# 16' Tributary project boat, $1000



## B4otter (Apr 20, 2009)

That's a good job considering you were on the river... will send you a PM. Only cause has to be over-inflation, but interested in the boat and not scared of the repair. Is it at the old Wild Rivers warehouse?


----------



## Quiggle (Nov 18, 2012)

I’ve seen this happen to a few other tribs.


----------



## Roseldo (Aug 27, 2020)

Quiggle said:


> I’ve seen this happen to a few other tribs.


Any speculation as to the cause...overheating, cutting on rocks or other obstacles, etc?


----------



## B4otter (Apr 20, 2009)

PM sent - interested in the boat. Need more info to make offer/conclude a deal.
For ex., if it's only 2 years old, has anyone contacted AIRE about warranty repair?


----------



## Quiggle (Nov 18, 2012)

I haven't seen it person but I have seen pictures of friends who were on trips where this has happened and the same style of repair was made. One was for sure a rock the other one I’m not sure of


----------



## shappattack (Jul 17, 2008)

B4otter said:


> PM sent - interested in the boat. Need more info to make offer/conclude a deal.
> For ex., if it's only 2 years old, has anyone contacted AIRE about warranty repair?


Not applicable to a boat that was originally owned by an outfitter for commercial use, which is why the outfitter probably didn't have aire fix it as it was past the 1 year commercial warranty:

*Tributary One Year Limited Commercial Use Warranty*
*What this Warranty Covers: *The 1 year limited warranty covers all Tributary branded Tomcat, SPUD, and Sawtooth Series kayaks against manufacturing defects in materials and workmanship. This warranty covers the tubes, D-ring patches, AIREcells, valves, and zippers to be functional and water worthy.

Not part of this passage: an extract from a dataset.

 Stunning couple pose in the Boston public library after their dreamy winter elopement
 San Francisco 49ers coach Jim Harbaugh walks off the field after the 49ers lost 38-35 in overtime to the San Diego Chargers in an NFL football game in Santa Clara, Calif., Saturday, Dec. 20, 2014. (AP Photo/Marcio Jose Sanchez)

*What this Warranty Does Not Cover:* This warranty does NOT cover damage caused by normal boat use, cosmetic wear, excessive UV damage, abnormal abuse, neglect and/or inappropriate storage. 


*The Period of Coverage:* Your boat is covered from the original purchase date for a period of one year. When original proof of purchase is not available or if a warranty registration was never submitted, we will use the date of manufacturing to assess your boat.


----------



## zbaird (Oct 11, 2003)

Over pressure + impact= Blowout


Inside/outside patch, done. It would likely end up being the strongest part of the boat. If the stitching job is pretty well lined up and isn't a total mess I may not even remove it. I have no doubt B4otter can fix it up should he choose to do so. If somebody else buys it, its probably $400ish to have me do it. Still wouldn't be a terrible deal.


----------



## blueridge (Jun 13, 2017)

Did this sell? Do you know what year it is and if it had the farrari fabric or the new stuff?


----------